Смахнув с соломенной шляпы своей паутину, которая тоже пыталась обнять Владимира Васильевича, он бросил её на траву: «Так, Ваня! Если мы соберём сегодня хотя бы вот эту шляпу шампиньонов, то я её съем. Целых два часа уже ищем и - ничего.» Владимир Васильевич Луконин – шеф мой, наш. Начальник участка управления связи Южно – Уральской железной дороги, наш колхоз - подшефное хозяйство управления. Помогаем выжить друг другу: они нам шпалы для строительства домов колхозникам, мы им – землю под картошку пашем, боронуем, культивируем. Недавно, в августе, провели нам связь телефонную, вернее, убрали деревянные столбы с проводами, ещё, наверное, тридцатых годов, и, перекопав всю деревню, проложили подземный кабель, а в моём председательском кабинете появился современный пульт с прямым городским телефонным номером. Мясом, молоком их снабжаем, благо, что отношения теперь рыночные, и райком партии смотрит на такие отношения сквозь пальцы, хотя за планы поставки государству молока и мяса спрашивает по- прежнему строго.

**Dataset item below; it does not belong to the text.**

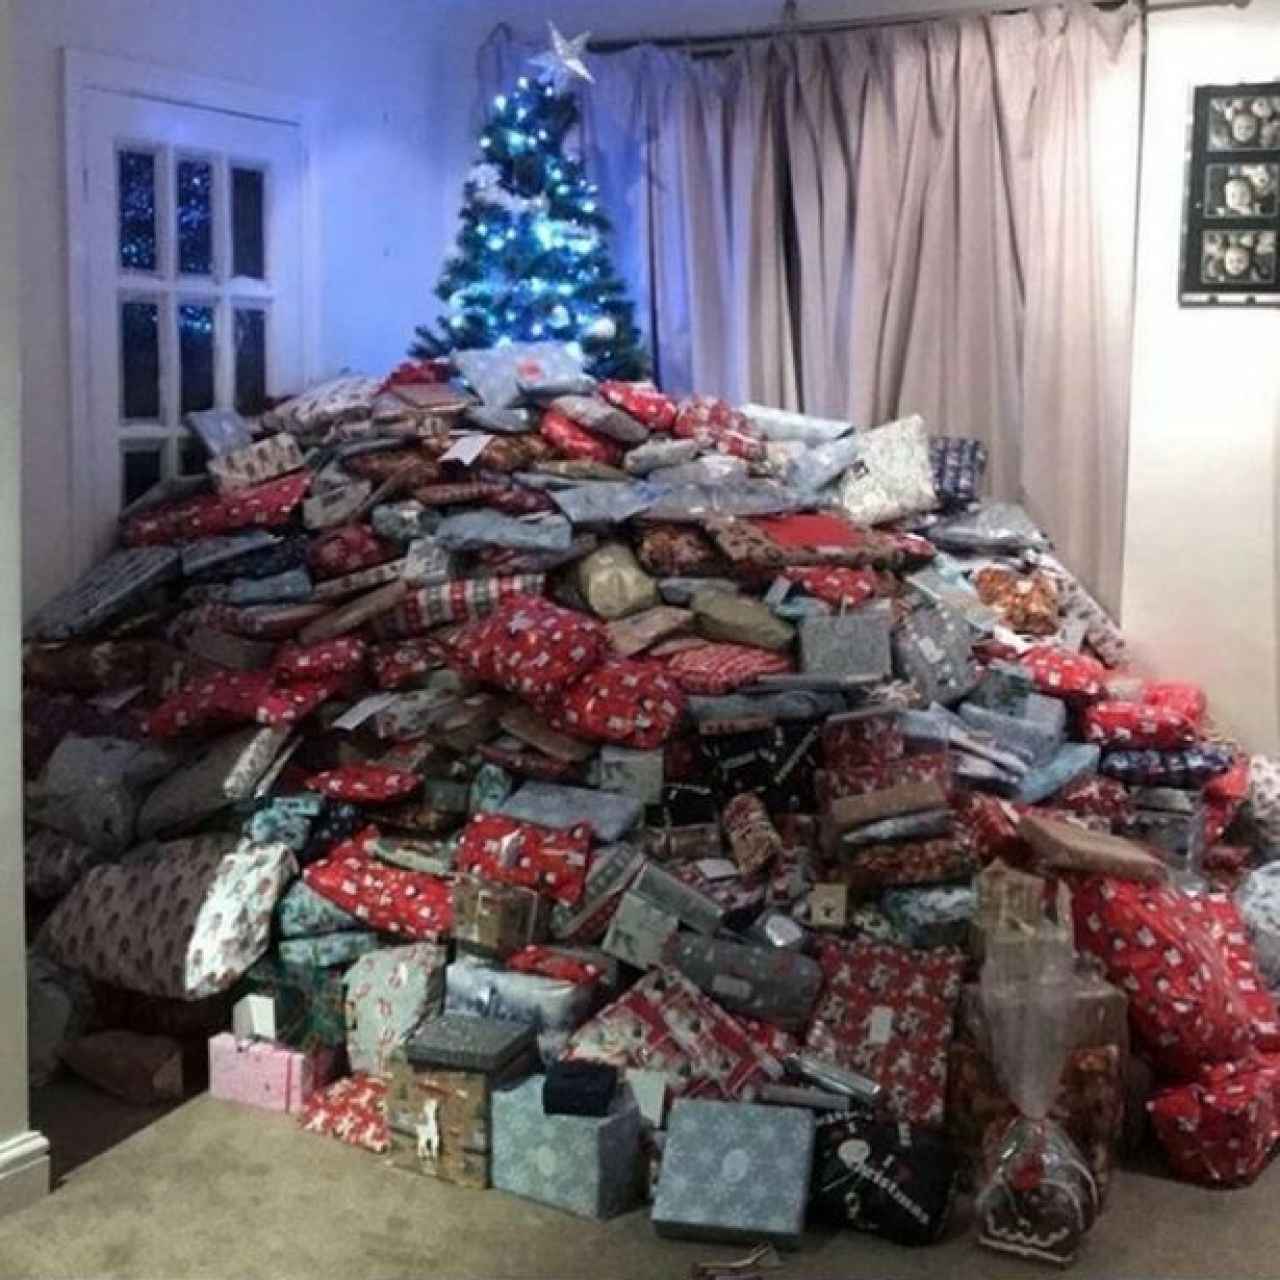 La montaña de regalos tapando el árbol de Navidad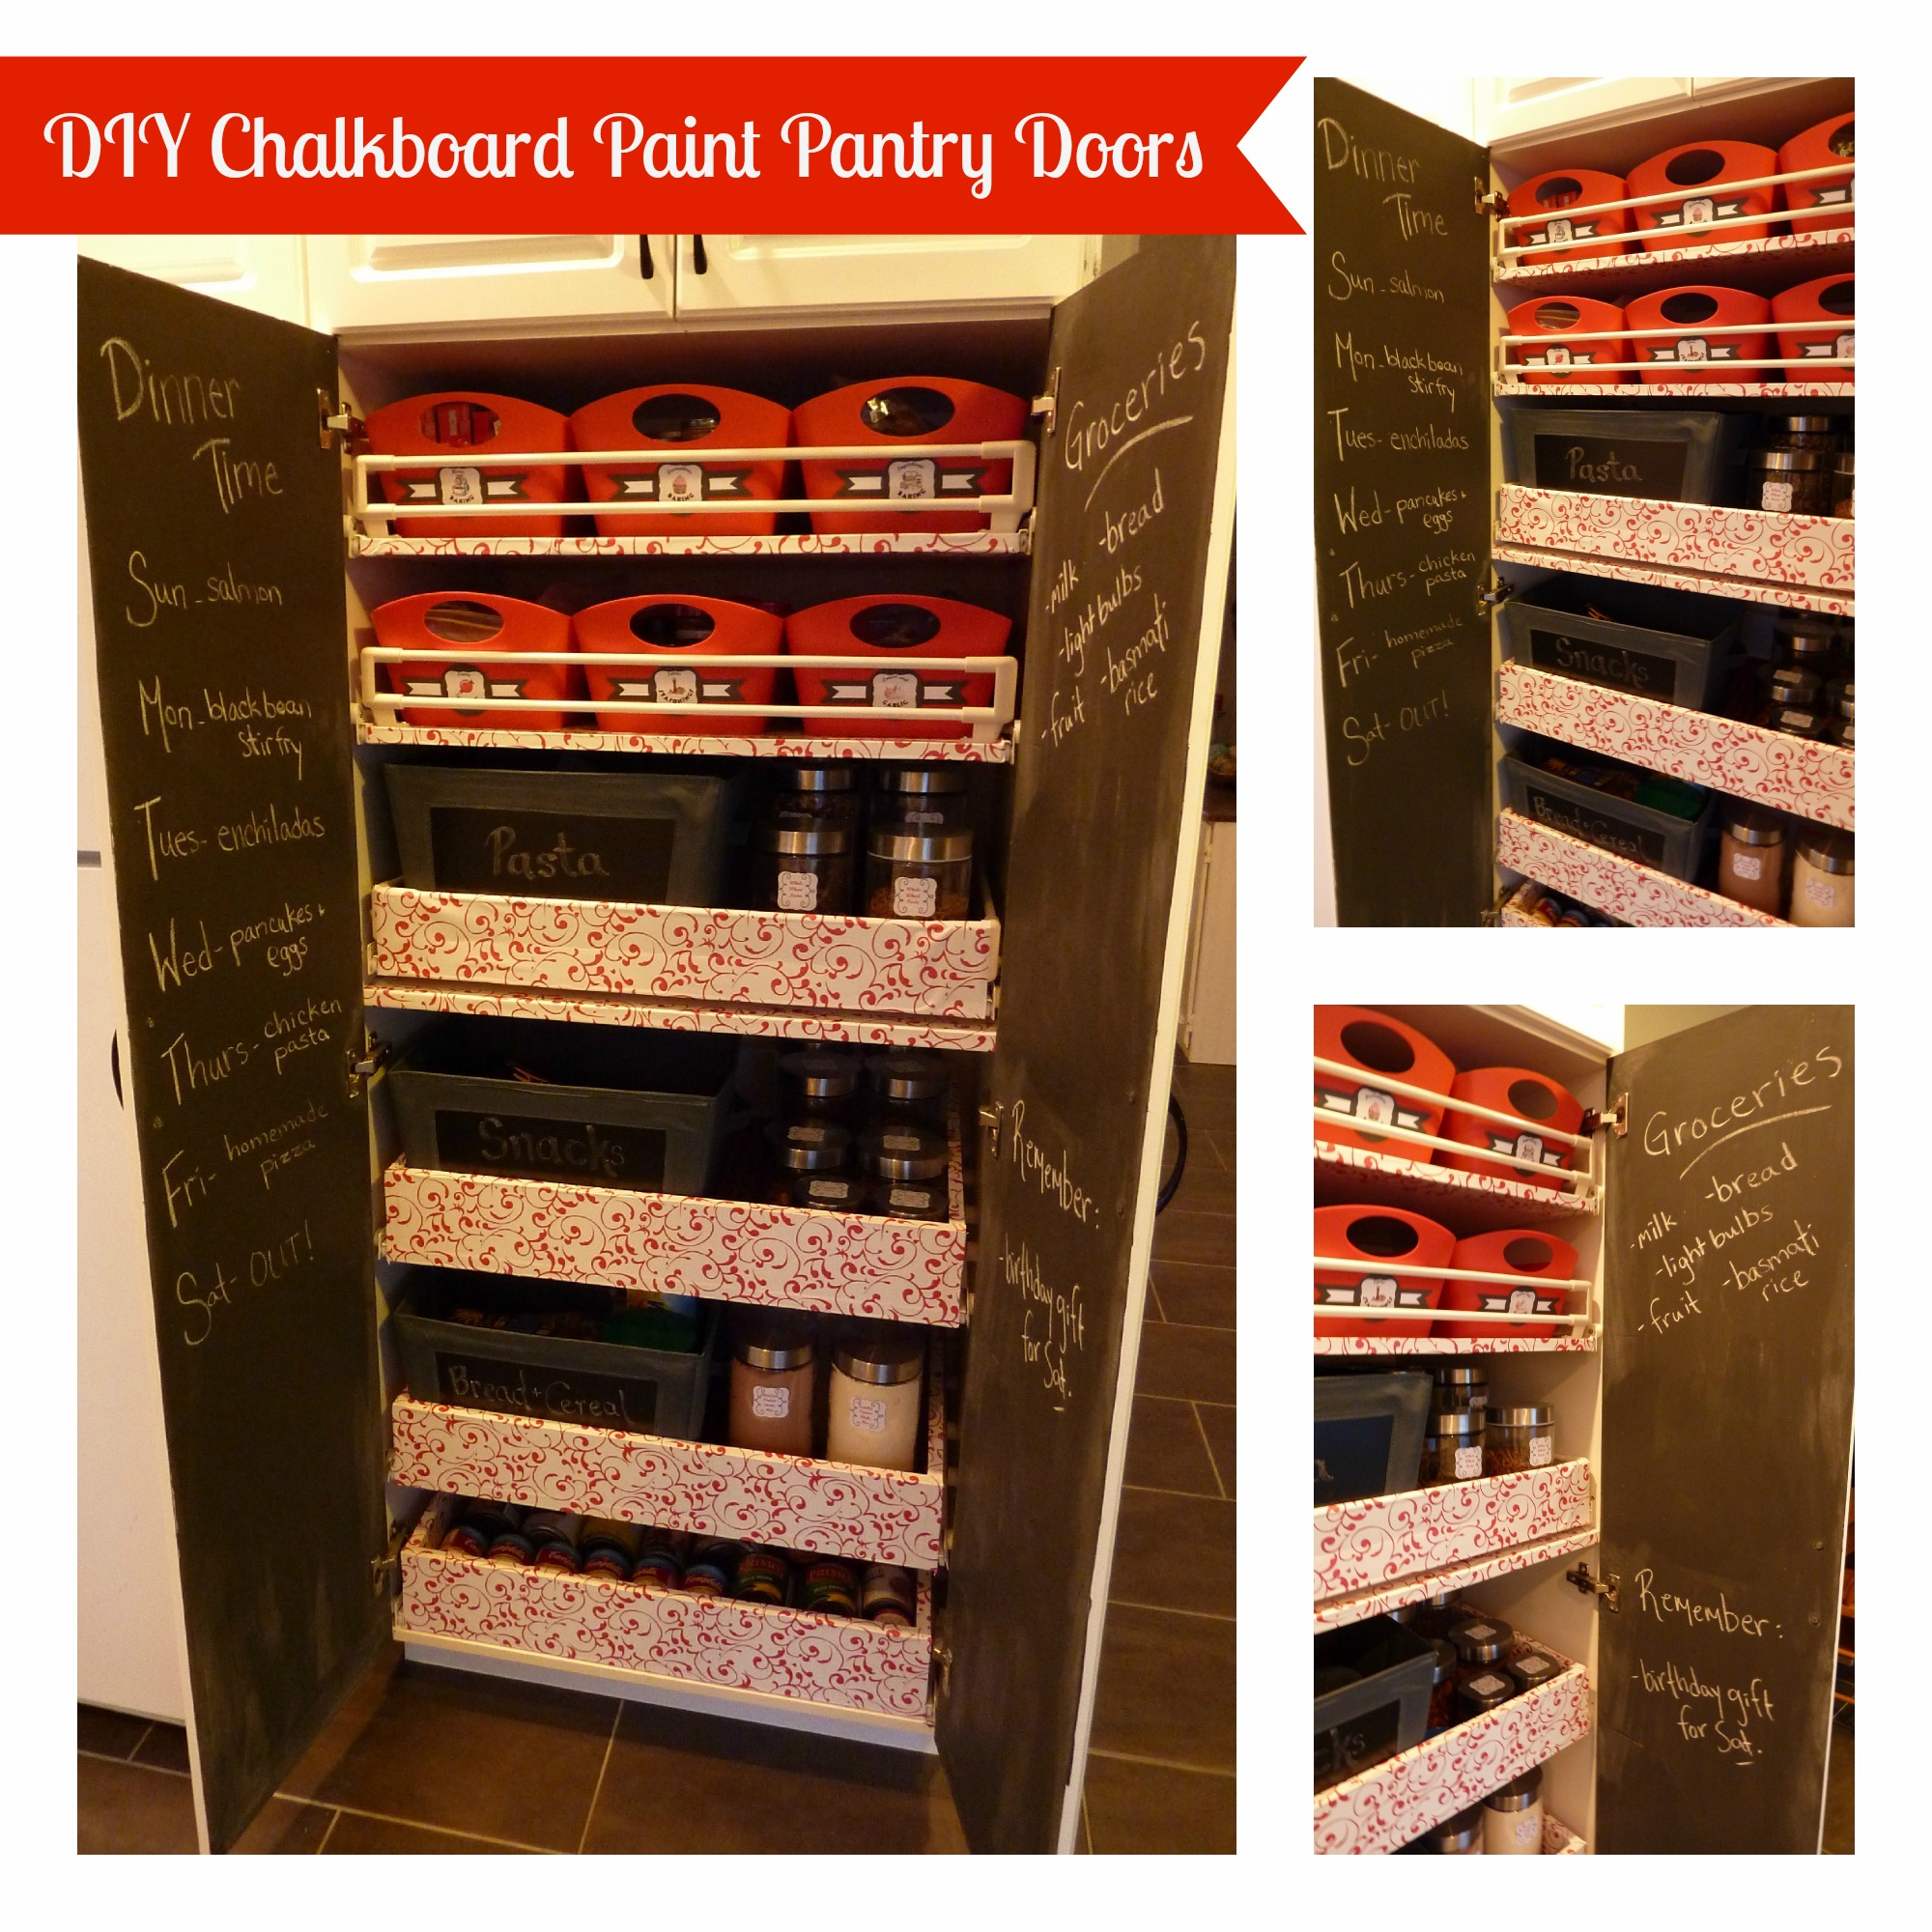 DIY Chalkboard Paint Pantry Doors 2

 У меня день рождения, вот Васильевич и приехал со своими друзьями поздравить меня.  Грибы собирать любит Васильевич, решили совместить приятное с полезным. Да и места наши понравились ему, специально приезжал этим летом смотреть, как цветёт рожь, как она ходит волнами. У него глаза добреют, улыбка с лица не сходит, после того, как увидит всё это. А сегодня хмурый Васильевич. Да и не обижается он совсем, так, по привычке строгость начальственную напускает на себя. В первый день нашего знакомства он  и со мной так разговаривать начал, как с подчинённым: «Ну а земли-то много у Вас в обороте? А?» Вот это «А?» так грозно звучало, что у его подчинённых коленки, наверное, дрожали, потому как произносил он это «А» с интонацией большевика с плаката: «Ты записался добровольцем?» Я сразу же расставил точки над и: «Владимир Васильевич, я хоть и в сыновья Вам гожусь, но вот это своё «А?» Вы для своих оставьте, а со мной не надо так. Договорились? А?» «А» я сказал точно таким же тоном, как и он – грозным. Он смотрел на меня секунды молча, немного растерявшись, а потом мы громко расхохотались.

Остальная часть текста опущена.